В этом отношении статьи Н. А. Бердяева до некоторой степени можно рассматривать, как «заключительное слово» к бывшим в Петрограде Религиозно-философским собраниям. Он на них мало участвовал, – появившись в Петрограде лишь к концу их. Но он был ближайшим другом или, во всяком случае «своим человеком» у всех вождей тогдашнего религиозного движения, – со всеми видными представителями тогдашнего «церковного обновления». Идеи их не были для него «внешними», чем-то «со стороны идущим», чем-то лишь вычитанным из книг или прочитанным в книжках нового журнала. Нет, это были идеи, о которых и до каждого отдельного собрания и после каждого отдельного собрания он вел беседы, «засиживающиеся за полночь», с авторами докладов, в частных квартирах, у себя на дому, в дому Мережковских и т. д.

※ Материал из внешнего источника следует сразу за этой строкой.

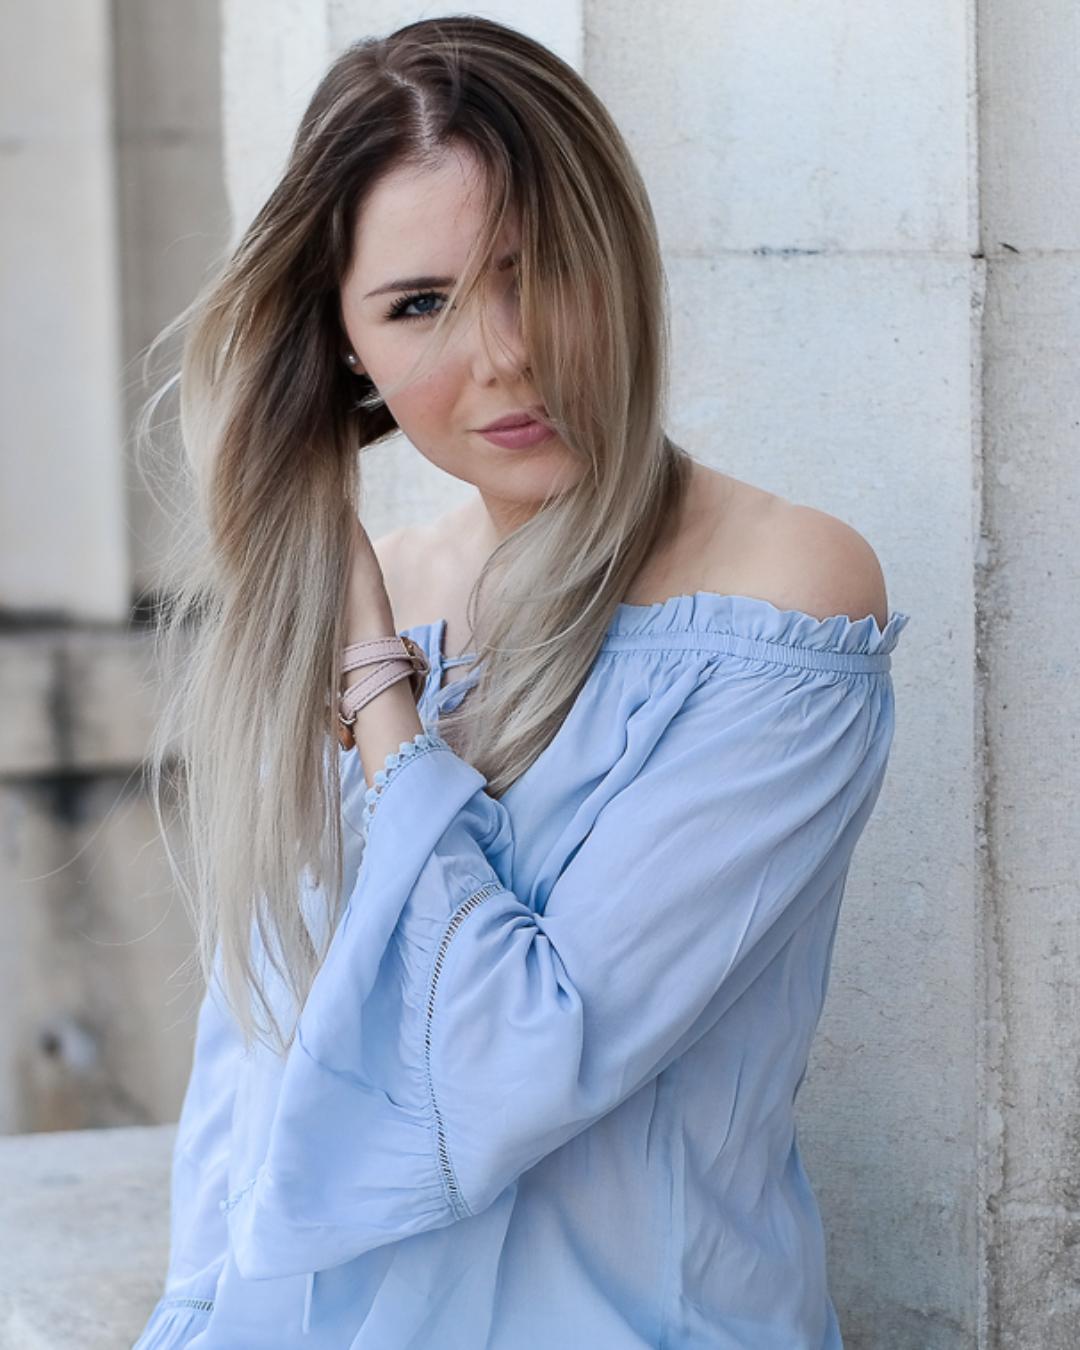 Frauenklischee – nach der Trennung neue Haare?

Собрания тех дней, происходя в зале Географического общества, у Чернышева моста, были общественными и обширно посещаемыми, но в то же время они были и глубоко домашними, личными, частными собраниями по тесной домашней дружбе, связывавшей главных представителей этих собраний, постоянных их «докладчиков» и самых видных «ораторов» на них.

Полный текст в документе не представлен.